2025-01-29T17:38:07+02:00

2025-01-29T17:40:14+02:00

Digital transformation in energy systems: a comprehensive review of AI, IoT, blockchain, and decentralised energy models

2025-03-27T12:03:11+02:00

Digital transformation (DT) in the energy sector is pivotal in meeting energy transformation challenges. DT is reshaping energy production, distribution, and consumption by integrating advanced technologies such as artificial intelligence (AI), the Internet of Things (IoT), blockchain, and digital twins. While existing research has extensively documented individual technological applications, there remains a significant gap in understanding how these technologies interact synergistically in real-world implementations [11]. Comprehensive analyses comparing digital transformation outcomes across different socioeconomic contexts are limited, particularly regarding the scalability of swarm electrification models. These technologies collectively address the ‘three Ds’ – decentralisation, decarbonisation, and digitalisation – essential for the evolution of modern energy systems. By leveraging these innovations, the sector can significantly enhance efficiency, optimise renewable energy integration, and expand access to underserved regions.
One of the most impactful applications of DT is in the realm of decentralised energy systems, exemplified by swarm electrification. This concept, pioneered by Groh et al [3], utilises interconnected solar home systems (SHSs) to form scalable microgrids that evolve from standalone setups to full integration with national grids. These systems empower communities by facilitating energy sharing, reducing operational costs, and creating new income streams. Case studies from Kenya, Madagascar, Yemen, Germany, and Bolivia demonstrate the real-world success of swarm electrification in bridging the energy access gap while advancing sustainability goals.
AI plays a pivotal role in digital energy systems by enabling predictive maintenance, optimising energy flows, and improving system reliability. Algorithms analyse vast datasets in real time to forecast energy demand, detect anomalies, and automate grid management. IoT further complements AI by providing the physical infrastructure to gather and transmit data, enabling real-time monitoring and control of energy assets.

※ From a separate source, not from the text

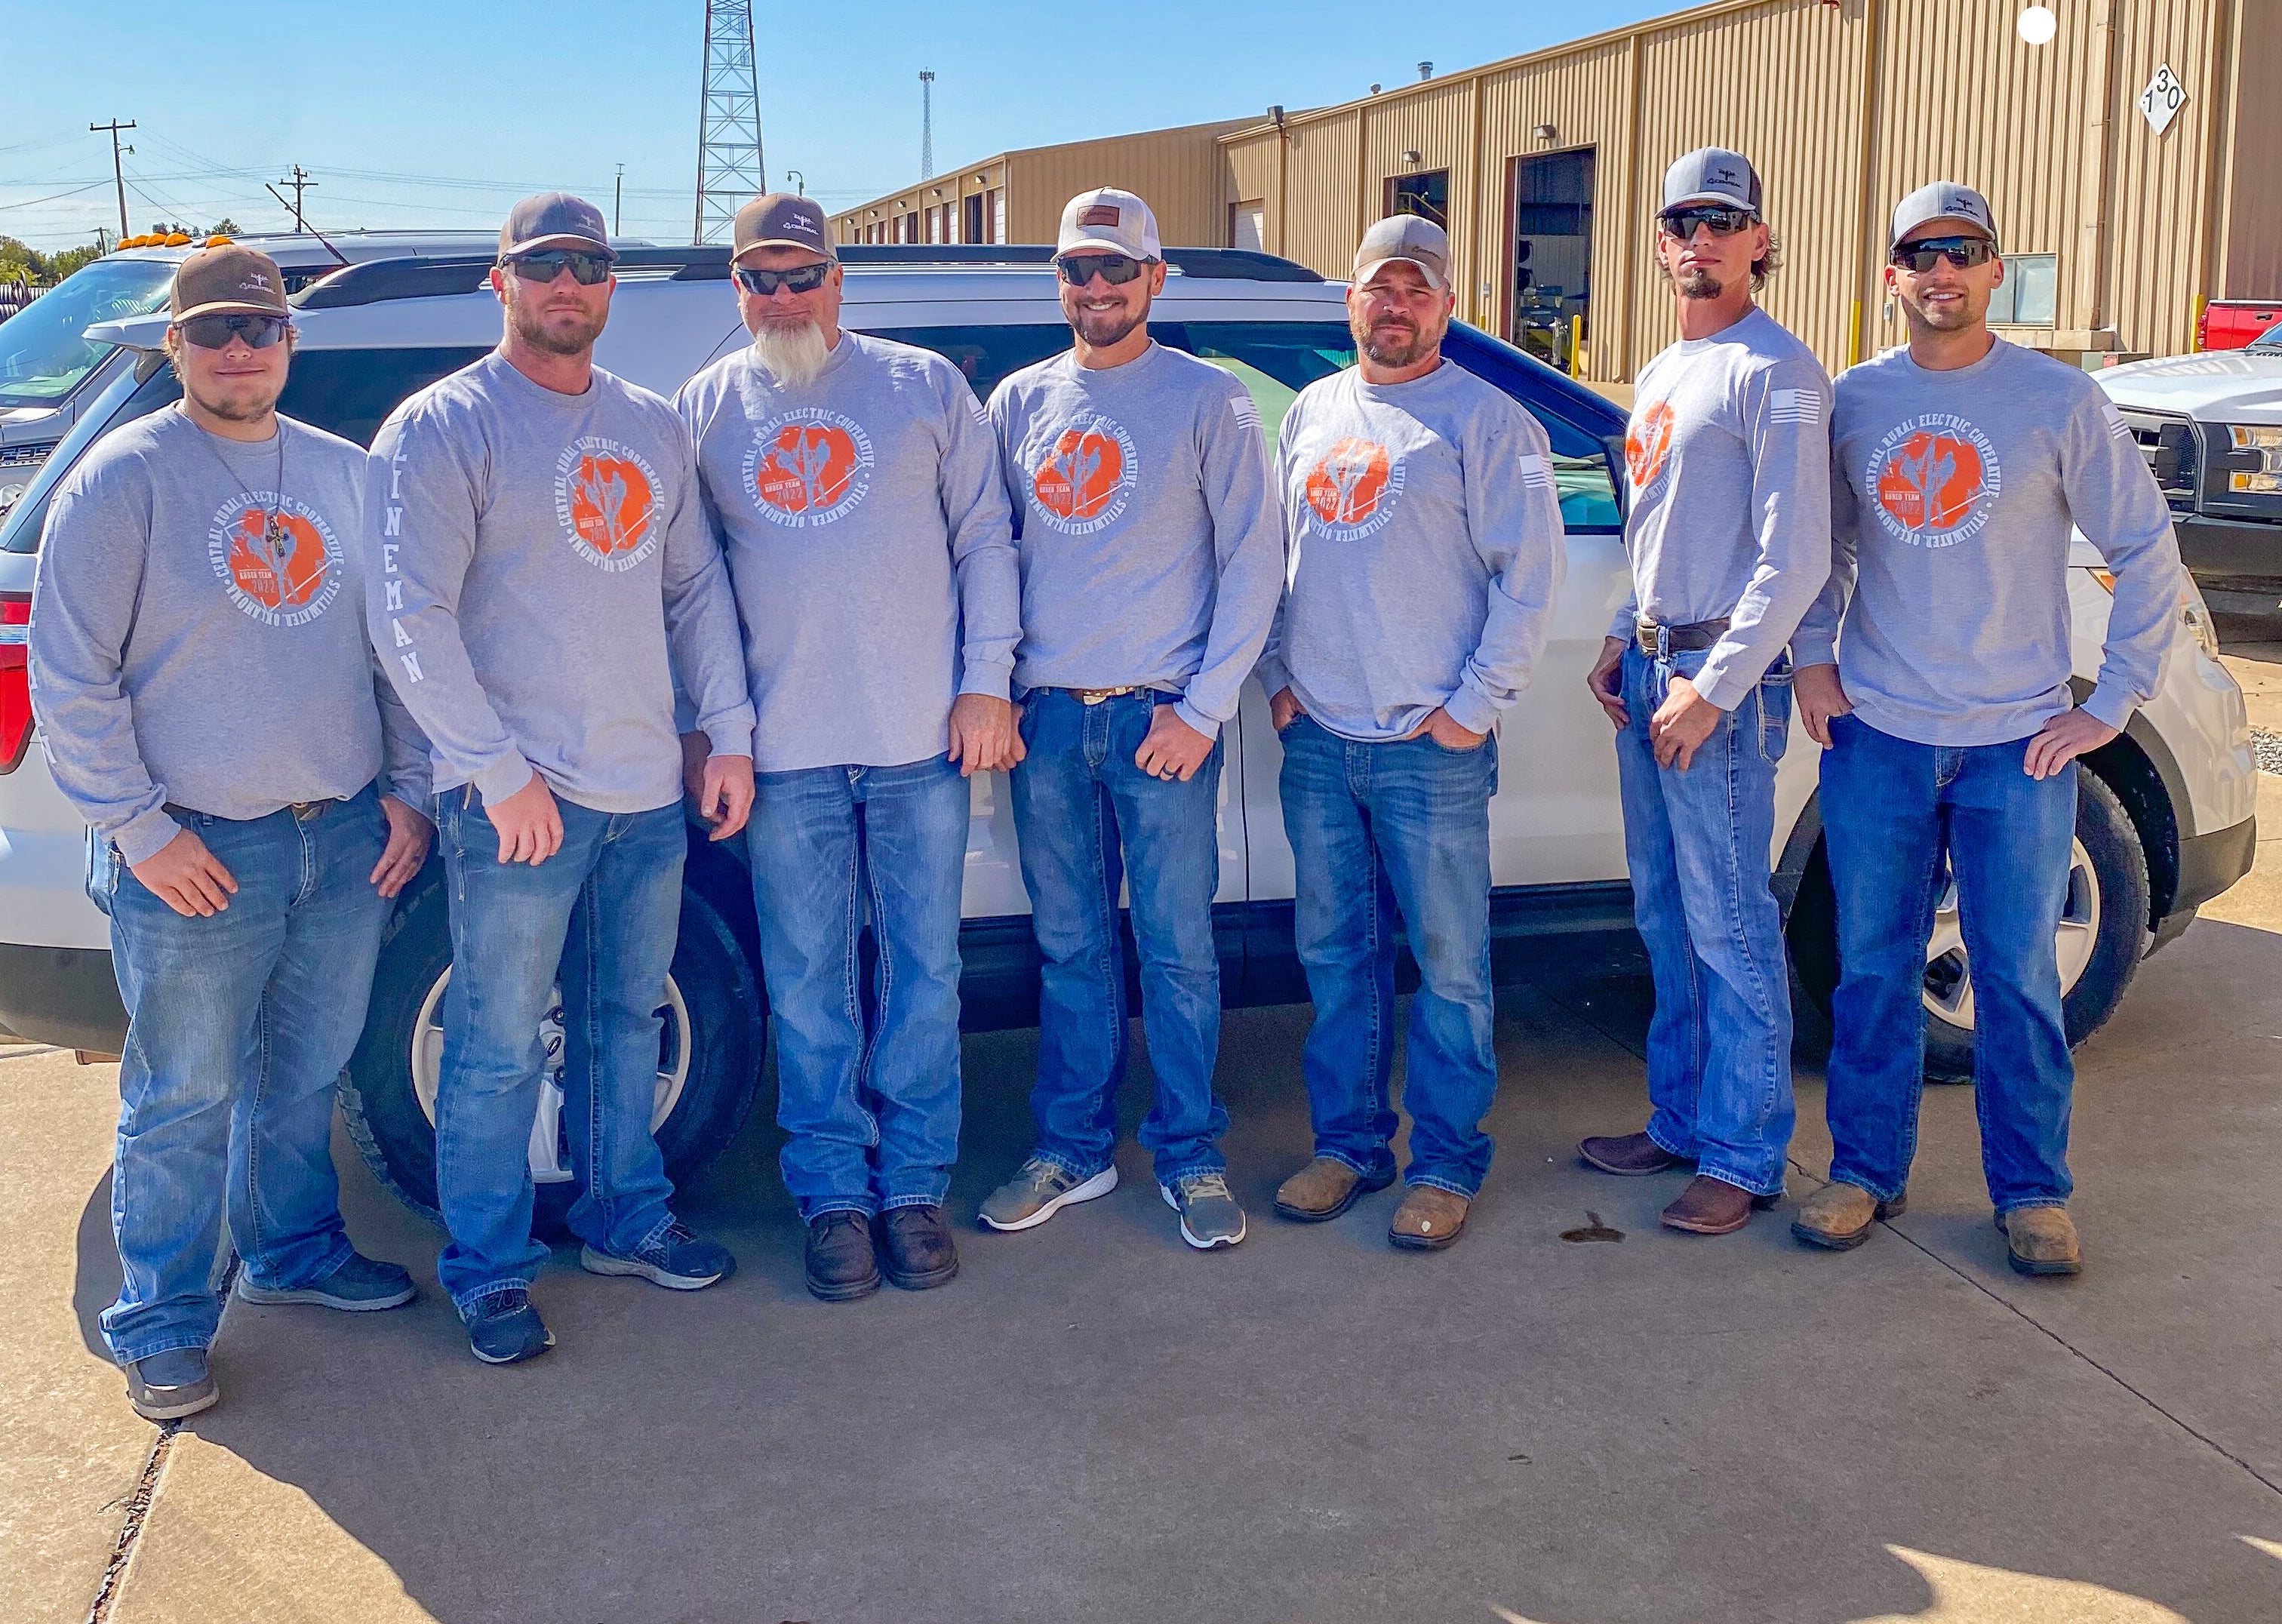 Central linemen participated in the International Lineman’s Rodeo in October. From left to right: Dylon Smith, Bryce Mason, Jerry Cundiff, Kyle Williams, Clint Robinson, Wyatt Fuller and Eliot Tremblay.

Together, AI and IoT support the development of smart grids and energy communities, fostering greater flexibility and resilience in energy networks.
Blockchain technology is emerging as a transformative tool for energy trading and distribution. By enabling peer-to-peer (P2P) energy markets, blockchain enhances transparency and reduces transaction costs. This decentralisation of energy trading allows consumers to become prosumers, actively participating in energy production and exchange. Projects such as Esmat et al. decentralised platforms exemplify how blockchain empowers individuals and communities to take ownership of their energy futures while ensuring security and scalability.
Despite these advancements, the implementation of digital technologies in energy systems is facing significant challenges. High initial costs, the complexity of integration, and cybersecurity risks pose barriers to widespread deployment. Furthermore, the digital divide in underserved regions limits equitable access to these transformative solutions. Environmental concerns related to the energy consumption of digital infrastructures, such as data centres and blockchain networks, also require attention. Addressing these issues necessitates a multi-stakeholder approach involving policymakers, industry leaders, and researchers to create enabling environments for innovation.
This review provides a comprehensive analysis of the role of DT in advancing energy systems, focusing on AI, IoT, blockchain, and swarm electrification. It synthesises insights from over 100 scholarly sources, including real-world case studies, and evaluates the social, economic and technological impact of digitalisation on energy systems. The study adopts a mixed-method approach, integrating literature analysis, quantitative modelling, and case study evaluations to provide actionable insights for policymakers and industry practitioners.
The findings of this review highlight the transformative potential of DT in addressing energy challenges, particularly in achieving the United Nations Sustainable Development Goal 7 [2]: universal access to affordable, reliable, and modern energy. By adopting digital innovations, energy providers can enhance operational efficiency, integrate renewable energy sources, and support community-based energy initiatives. The concept of swarm electrification exemplifies how decentralised approaches can complement centralised grids, ensuring scalability and adaptability to local needs.
Policy recommendations emphasise the need for financial incentives, capacity-building programmes, and regulatory frameworks to facilitate digital adoption. Investment in human capital is particularly critical, as skilled personnel are required to implement and manage complex digital systems. International cooperation and knowledge sharing are essential to ensure digital transformation efforts align with global sustainability goals.
In conclusion, DT represents a paradigm shift in energy systems, offering solutions to some of the sector’s most pressing challenges. Realising its full potential requires overcoming technical, financial, and institutional barriers. This review underscores the importance of a collaborative, multidisciplinary approach to harnessing the power of digital technologies for sustainable energy transitions.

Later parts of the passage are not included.